The Consumer's Willingness to Borrow and Spend Over the past couple of decades, consumer attitudes about saving and borrowing have changed. While many older and upper-income Americans save substantial amounts of money on a regular basis, many Americans have virtually no savings. Even more importantly, many of those families with little or no savings tend to treat credit as a source of emergency funds.

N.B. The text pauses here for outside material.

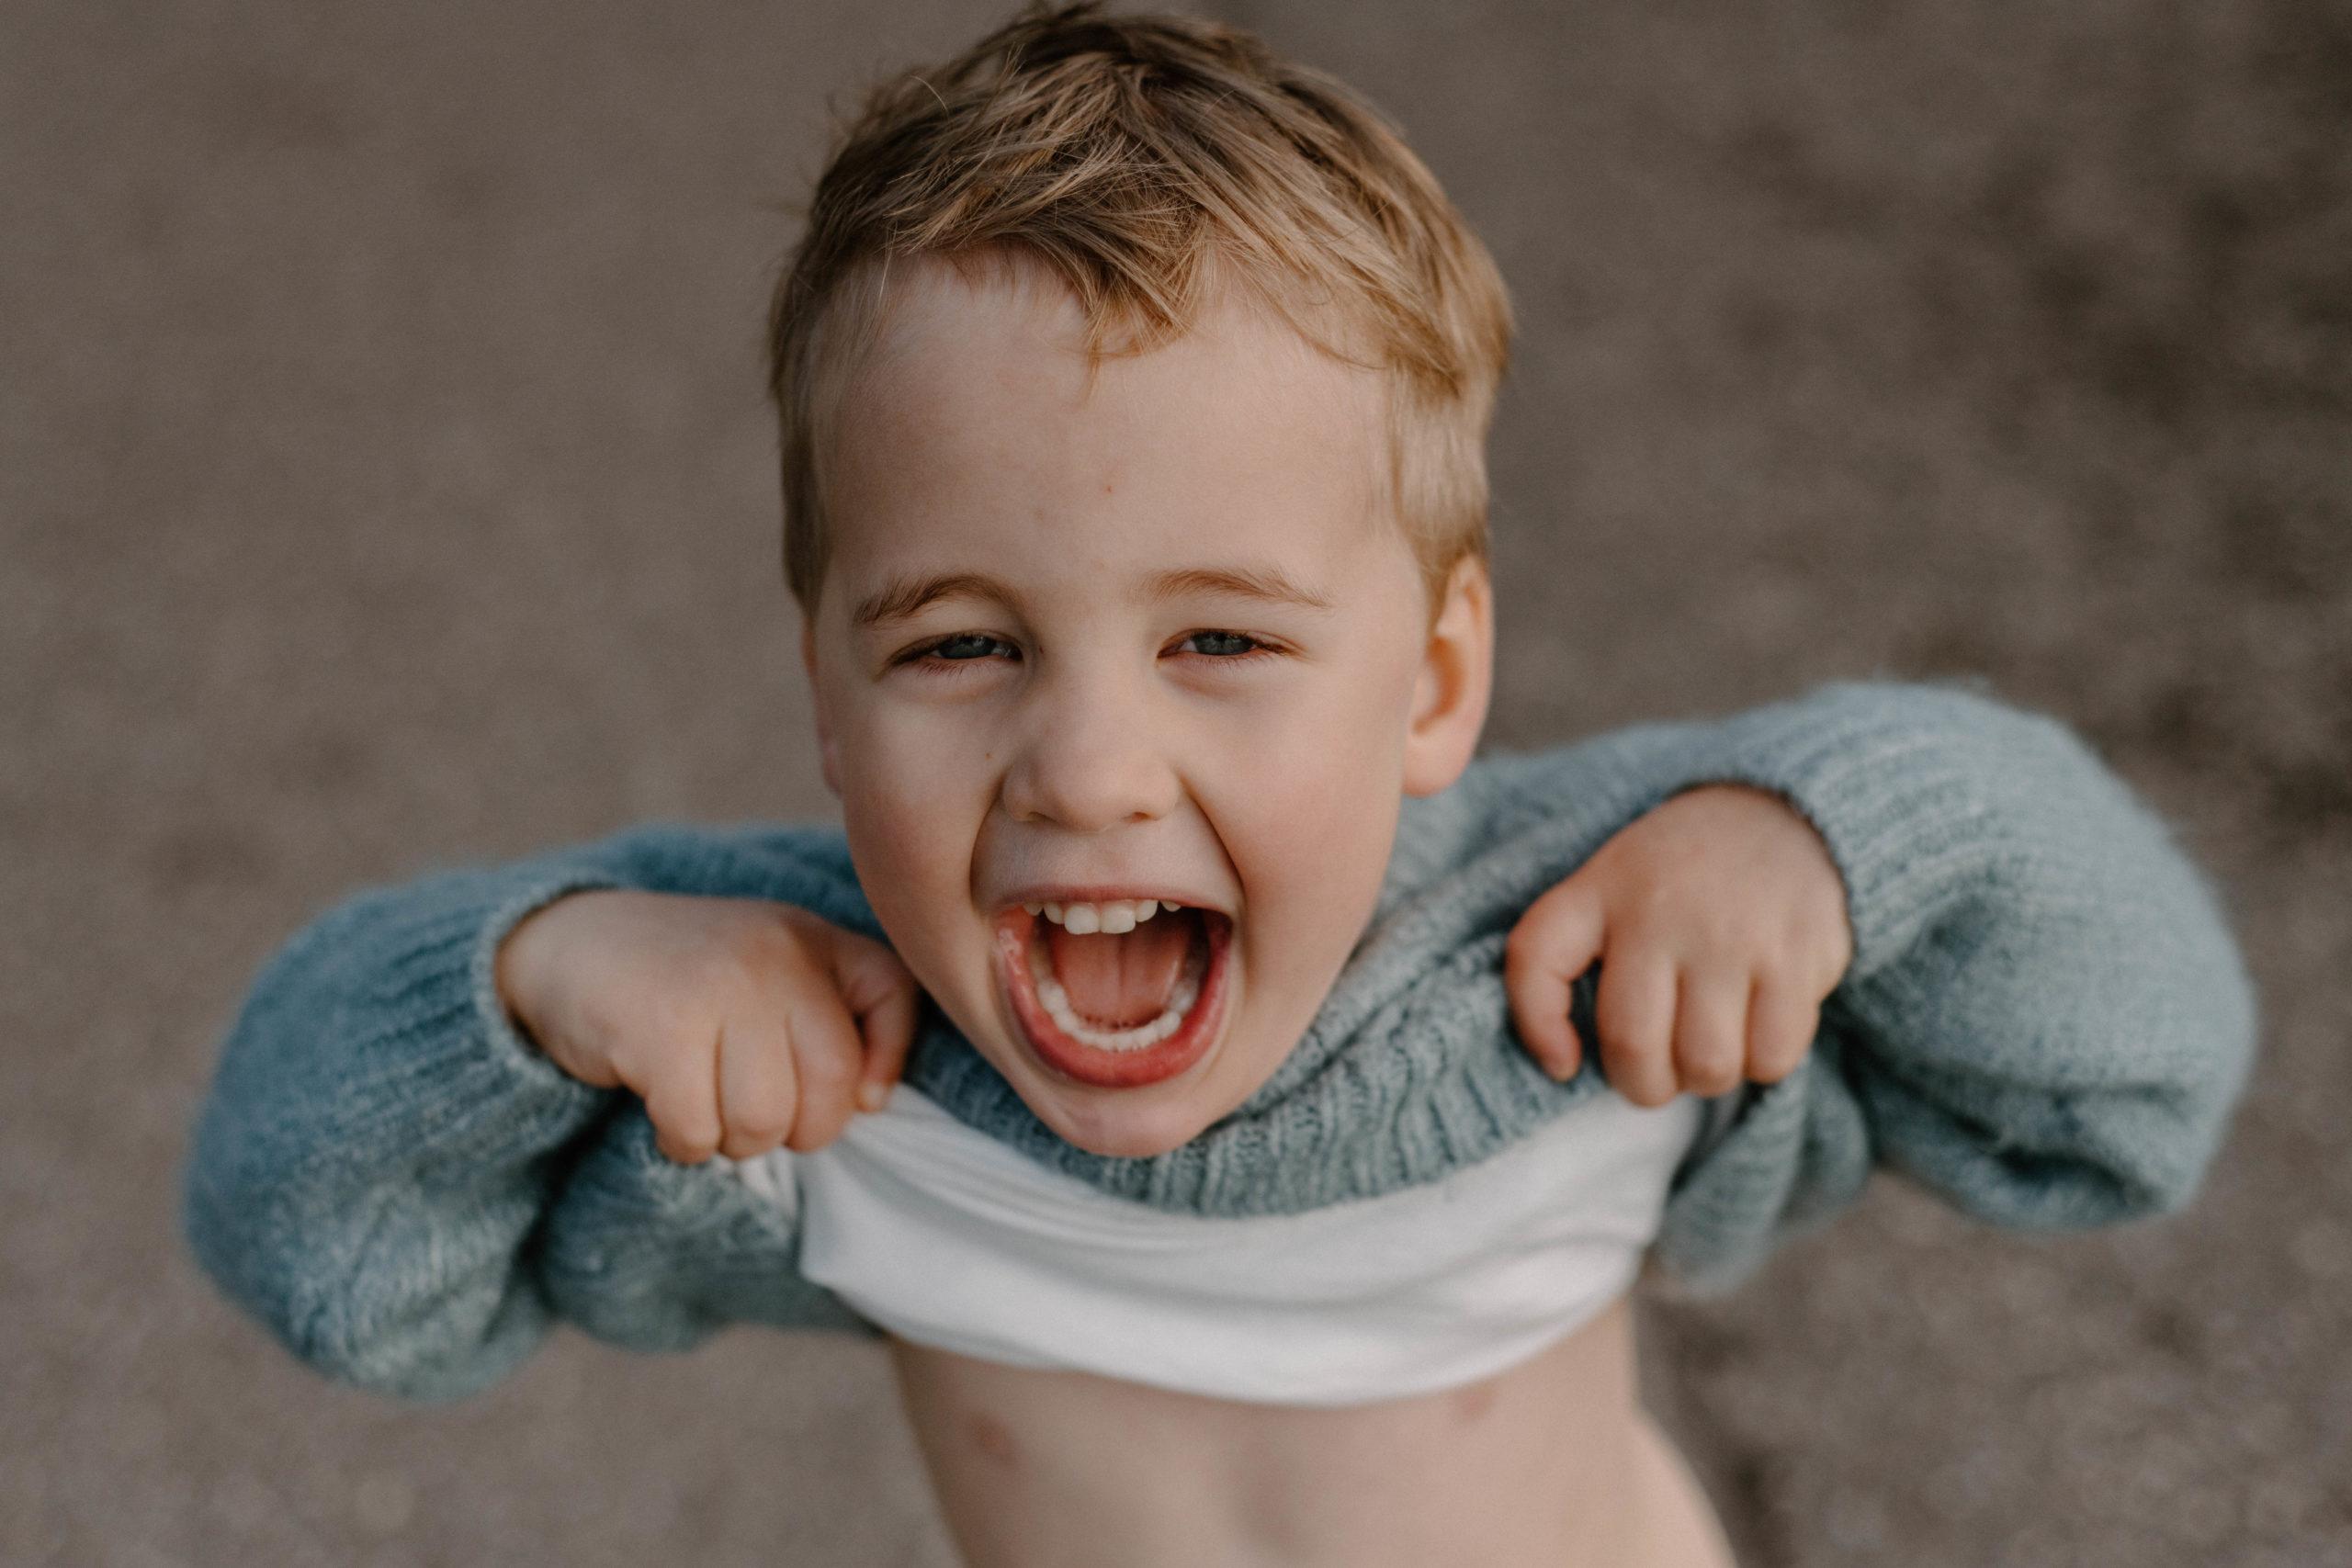 Silly Boy Playful Kid | Sam Gaetz Photography

Obviously, when unexpected expenses occur and people have no savings, some form of credit is their only option. The subprime mortgage debacle has already caused lenders to pull back on their lending, resulting in a consumer credit crunch. In fact, nearly one in five consumers (19%) report that someone close to them has been turned down for credit they have applied for during the past three months. Further, 46% of consumers say they would feel "somewhat" or "very uncomfortable" making a major purchase such as a home, a car, or major appliances over the next three months. Given the global liquidity squeeze and the likelihood that it will make lenders even more hesitant to lend, it seems probable that the current consumer credit crunch will intensify in the months ahead. In turn, as consumers who see credit as their best potential source of emergency funds realize their access to credit is being reduced, they can be expected to become even more cautious about borrowing -- and may even look for ways to build some savings. The most likely result is an old-fashioned credit crunch. At this point, few people seem to be linking events in the financial markets directly to consumer spending and the probability of recession. In the days ahead, however, all that may change as the possibility of a traditional consumer credit crunch begins to take hold. Don't be surprised if the calls for federal bailouts and for the Fed to lower interest rates build in volume. Survey Methods

Results are based on telephone interviews with 1,001 adults, aged 18 and older, conducted Aug. 1-7, 2007. For results based on this sample, one can say with 95% confidence that the maximum margin of sampling error is 3 percentage points. In addition to sampling error, question wording and practical difficulties in conducting surveys can introduce error or bias into the findings of public opinion polls.